Complete Example Demonstration:

Using the sequence nums = [10, 9, 2, 5, 3, 7, 101, 18] as an example.

  1. Initialization: tail = [10] (length len=1)
  2. Process x=9:
    • 9 < 10, find the first number >=9 in tail, which is 10 (index 0).
    • Replace: tail = [9] (len=1)
  3. Process x=2:
    • 2 < 9, find the first number >=2 in tail, which is 9 (index 0).
    • Replace: tail = [2] (len=1)
  4. Process x=5:
    • 5 > 2, append to end: tail = [2, 5] (len=2)
  5. Process x=3:
    • 3 < 5, find the first number >=3 in tail, which is 5 (index 1).
    • Replace: tail = [2, 3] (len=2)
  6. Process x=7:
    • 7 > 3, append to end: tail = [2, 3, 7] (len=3)
  7. Process x=101:
    • 101 > 7, append to end: tail = [2, 3, 7, 101] (len=4)
  8. Process x=18:
    • 18 < 101, find the first number >=18 in tail, which is 101 (index 3).
    • Replace: tail = [2, 3, 7, 18] (len=4)

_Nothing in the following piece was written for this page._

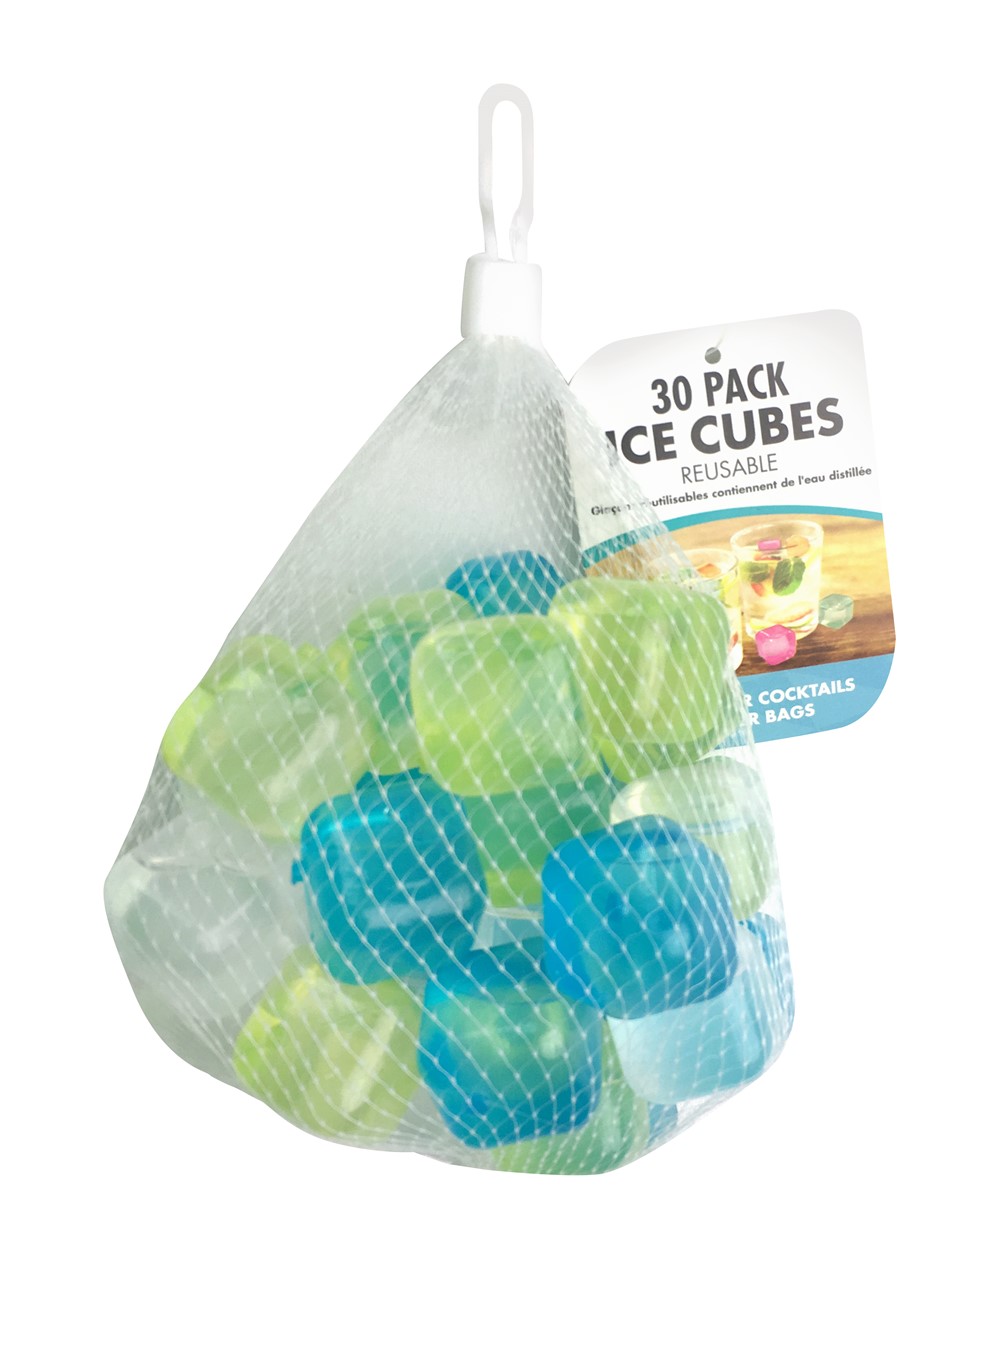 Cube de glaçons réutilisables 30pk - UBL

Traversal ends. The length of the longest increasing subsequence is 4. Although the final tail array is [2, 3, 7, 18], a valid LIS in the original sequence is [2, 5, 7, 101] or [2, 3, 7, 101]. The algorithm successfully calculates the length.

Summary:
This method, by maintaining a "maximum potential" ending value array and efficiently updating it using binary search, optimizes the time complexity from O(n²) to O(n log n). It is the preferred algorithm for solving the LIS problem.